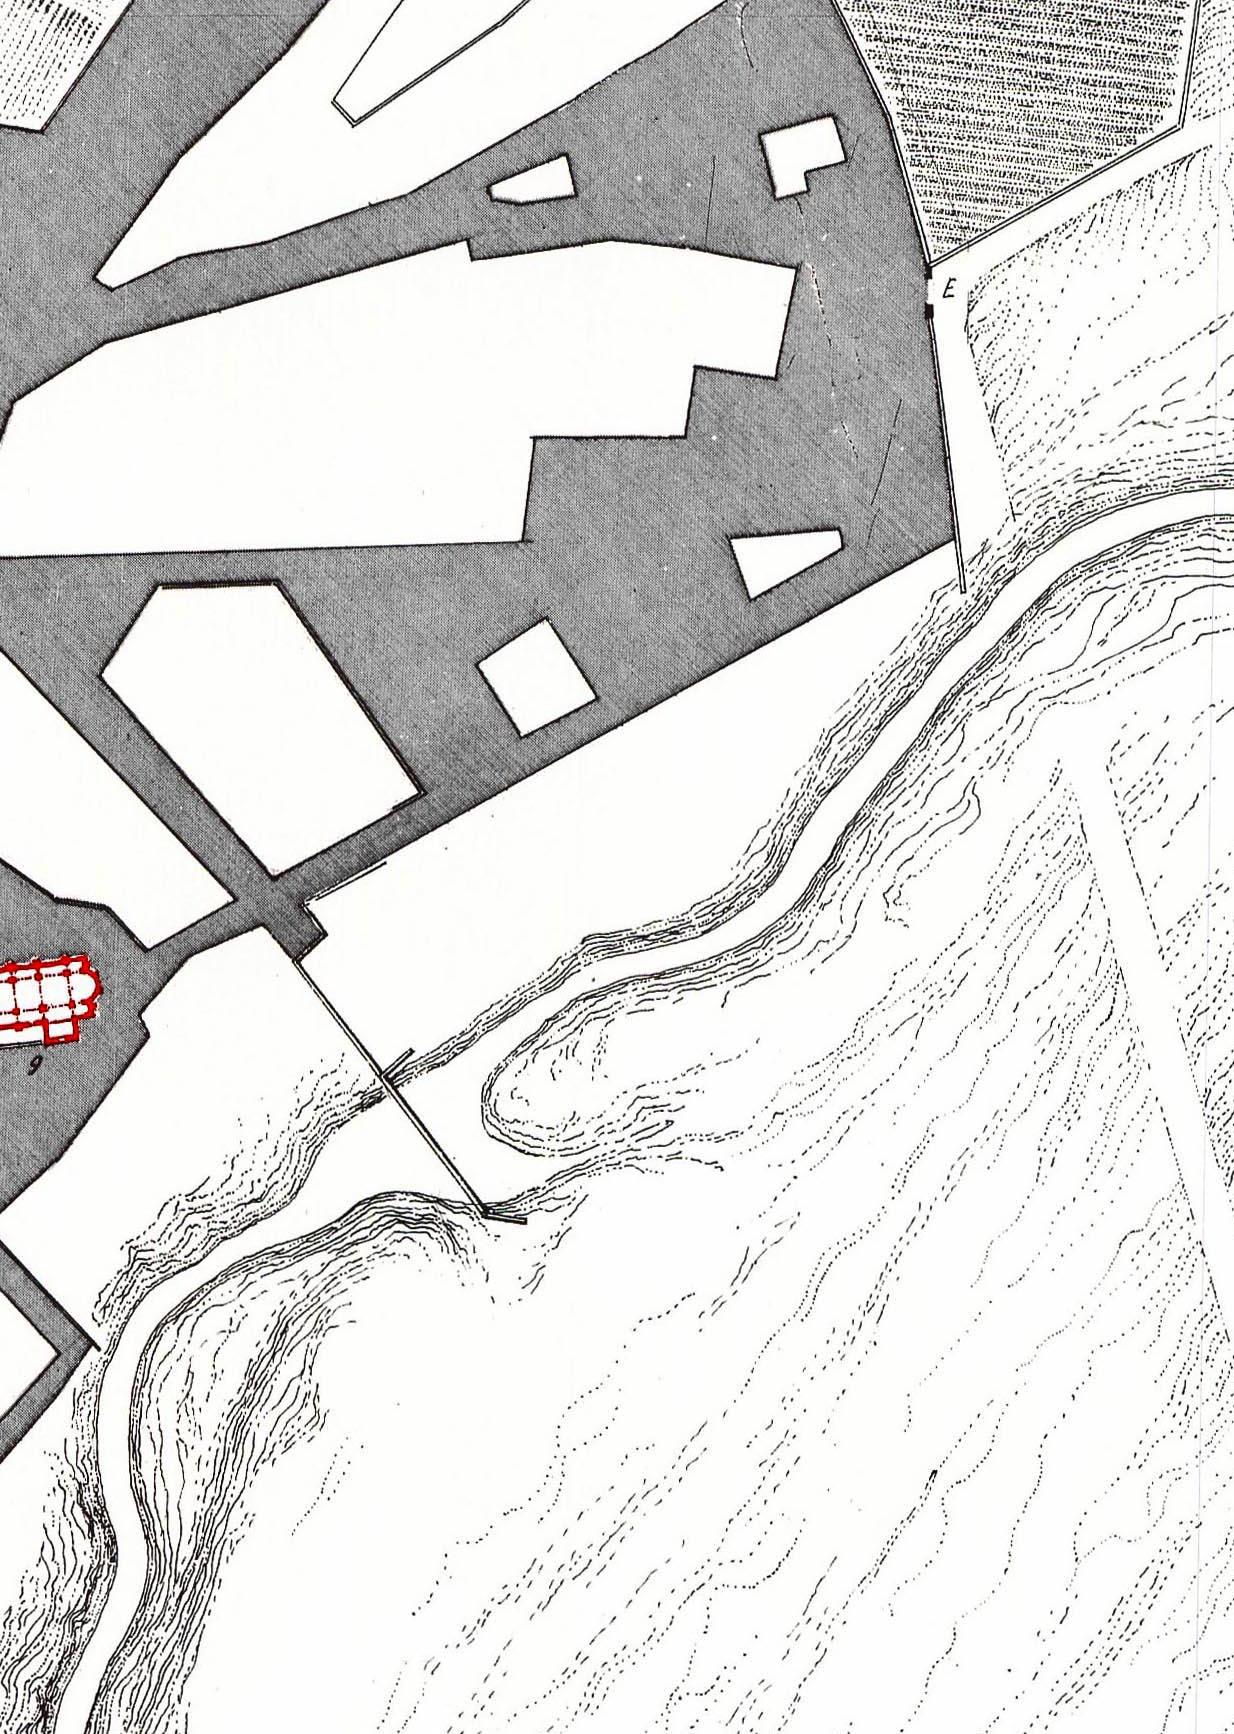 danielvillalobos-valladolid-blueprints-renaissance-f.8
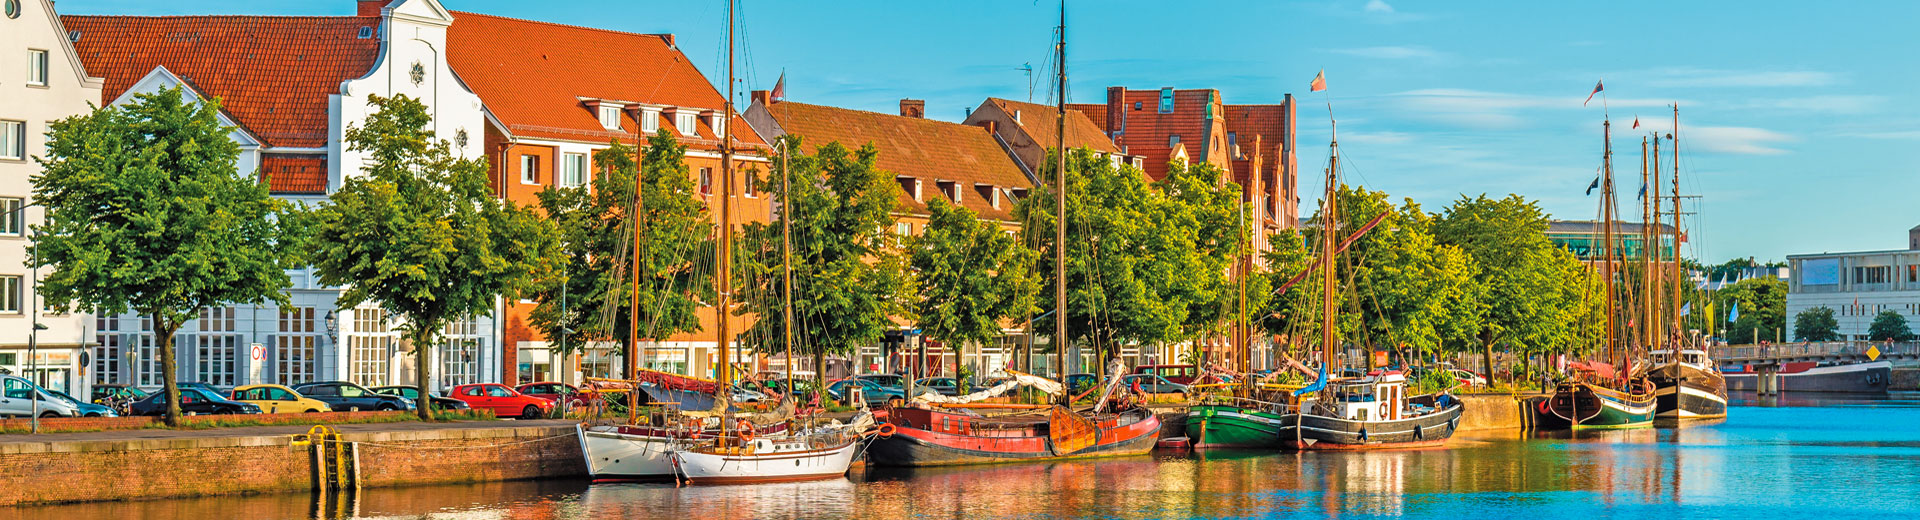 Städtereise Lübeck
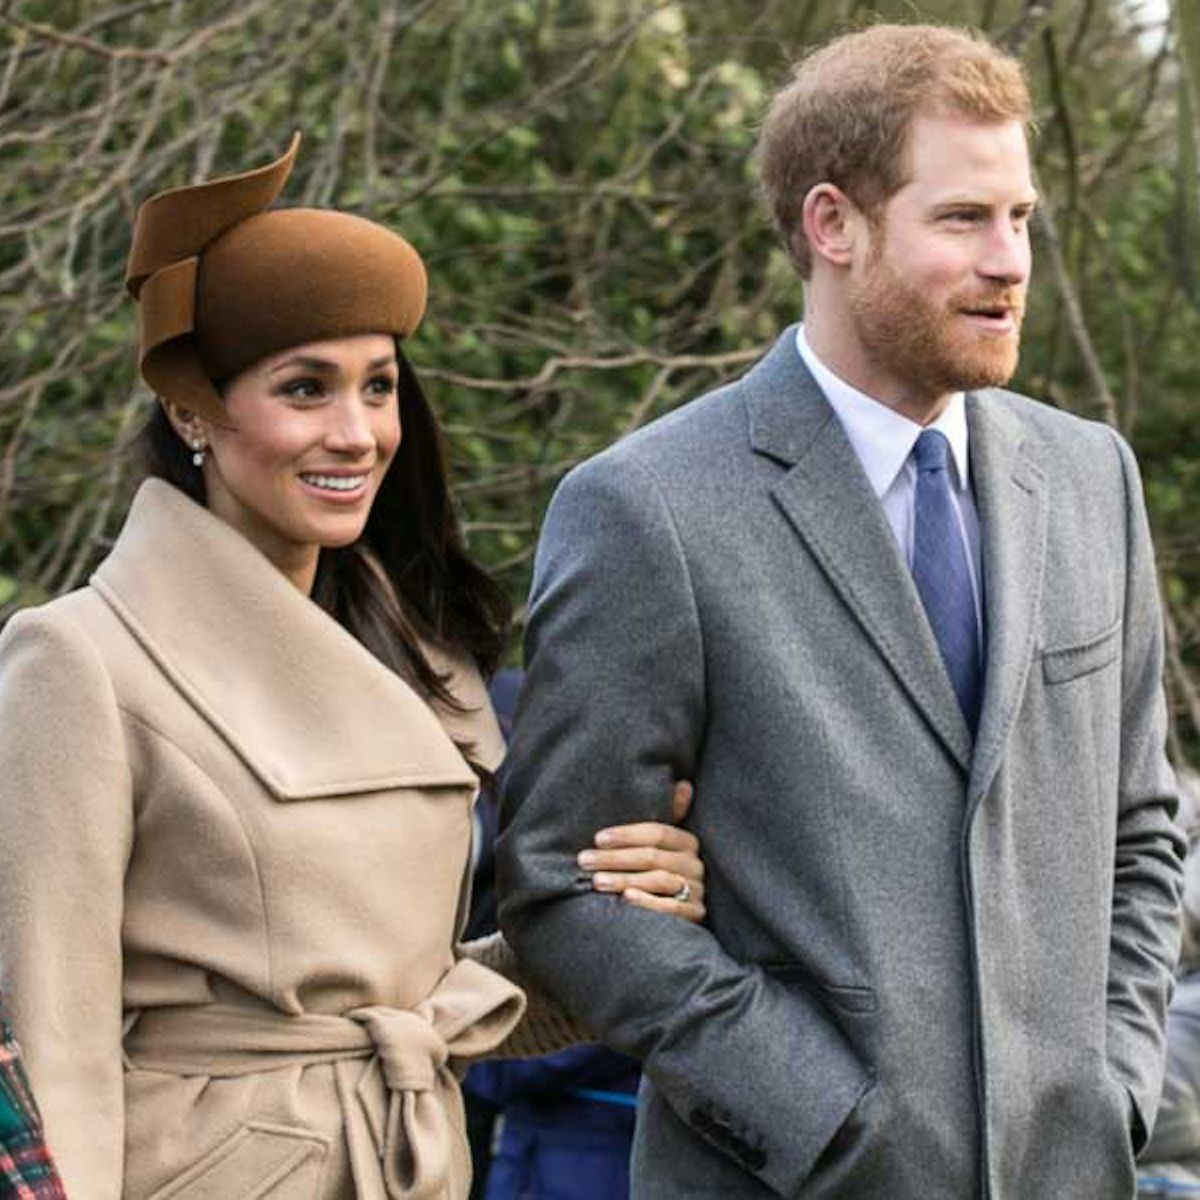 Did The Royal Wedding End Racism?

## To do
Word for word, print all of the data; skip the pictures.

## The completed task
 danielvillalobos-valladolid-blueprints-renaissance-f.8
 Städtereise Lübeck
 Did The Royal Wedding End Racism?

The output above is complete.